Continued on the front page (51) Int.Cl. ⁷ Identification symbol FI Theme coat II (Reference) C09J 183/04 C09J 183/04 H01L 21/52 H01L 21/52 E

Claims (3)

[Claims] 1. A hydrophobic fumed silica having an average particle size of 5 nm or more and 100 nm or less, a water-soluble chlorine content of 25 ppm or less, and a bulk density of 75 g / L or more.

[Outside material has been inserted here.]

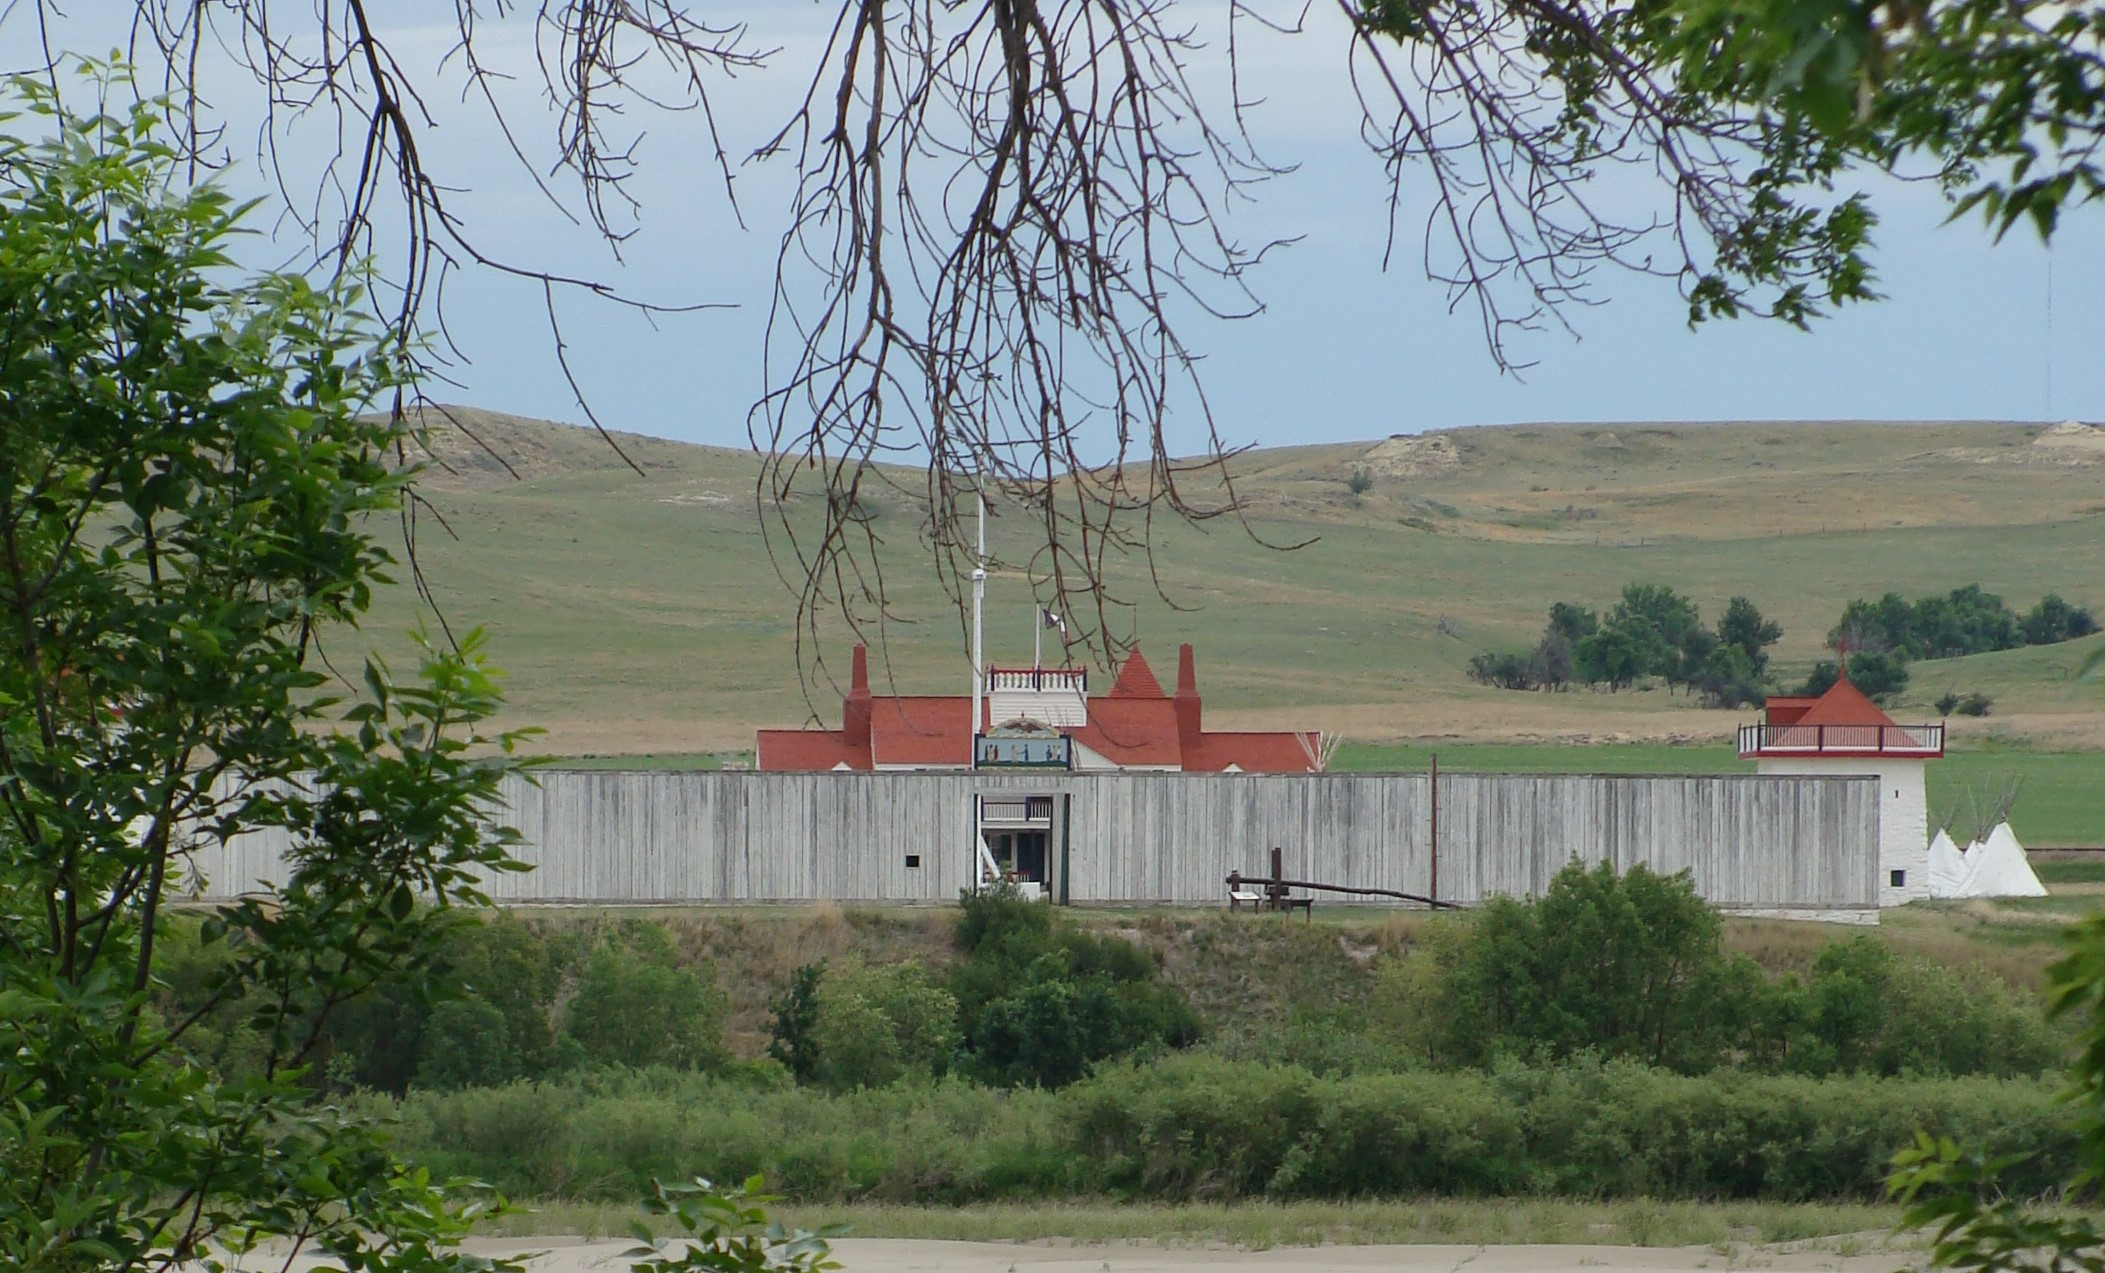 Grey and red wooden fort building among rolling, grassy hills.
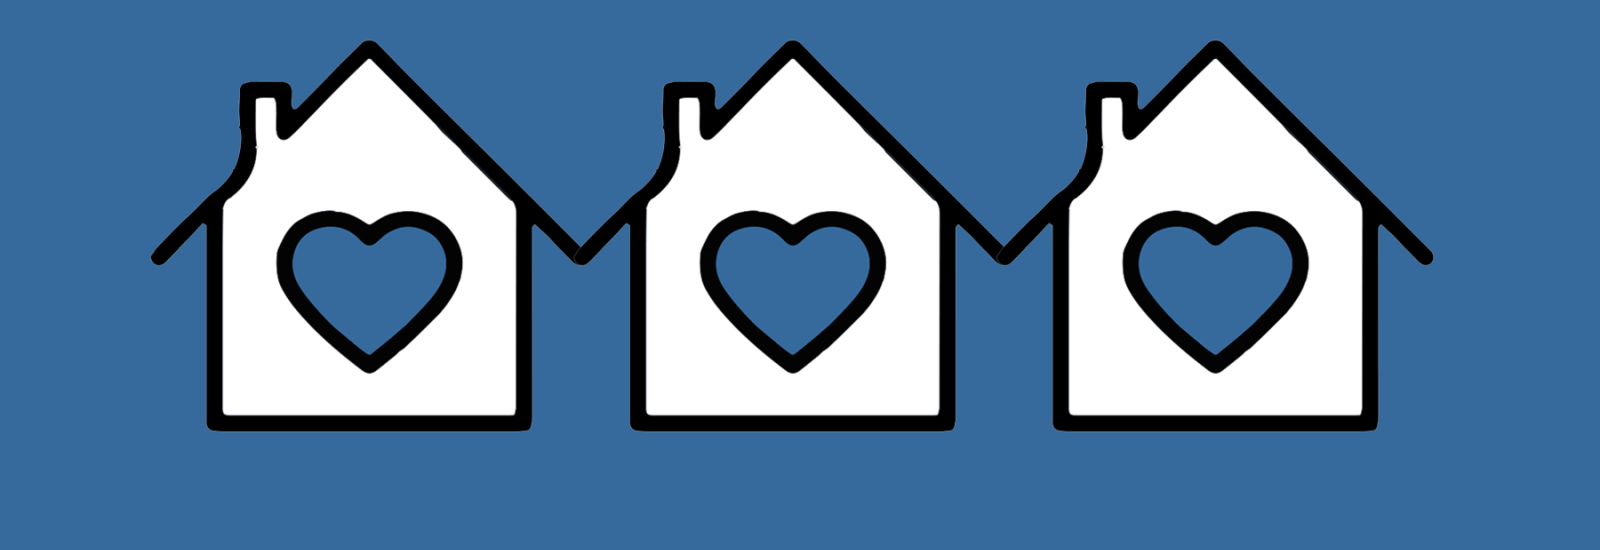 Blue rectangle with three white houses in a row all containing blue hearts

An adhesive for semiconductors containing 0% by weight or less. 2. The adhesive for semiconductors according to claim 1, comprising spherical silica having a maximum particle size of 10 μm or less and an extraction water electric conductivity of 10 μS / cm or less, in an amount of 5 to 80% by weight. 3. The adhesive according to claim 1, wherein the base adhesive is at least one selected from a silicone adhesive, a flexible epoxy adhesive, and an elastomer adhesive. Adhesive for semiconductors.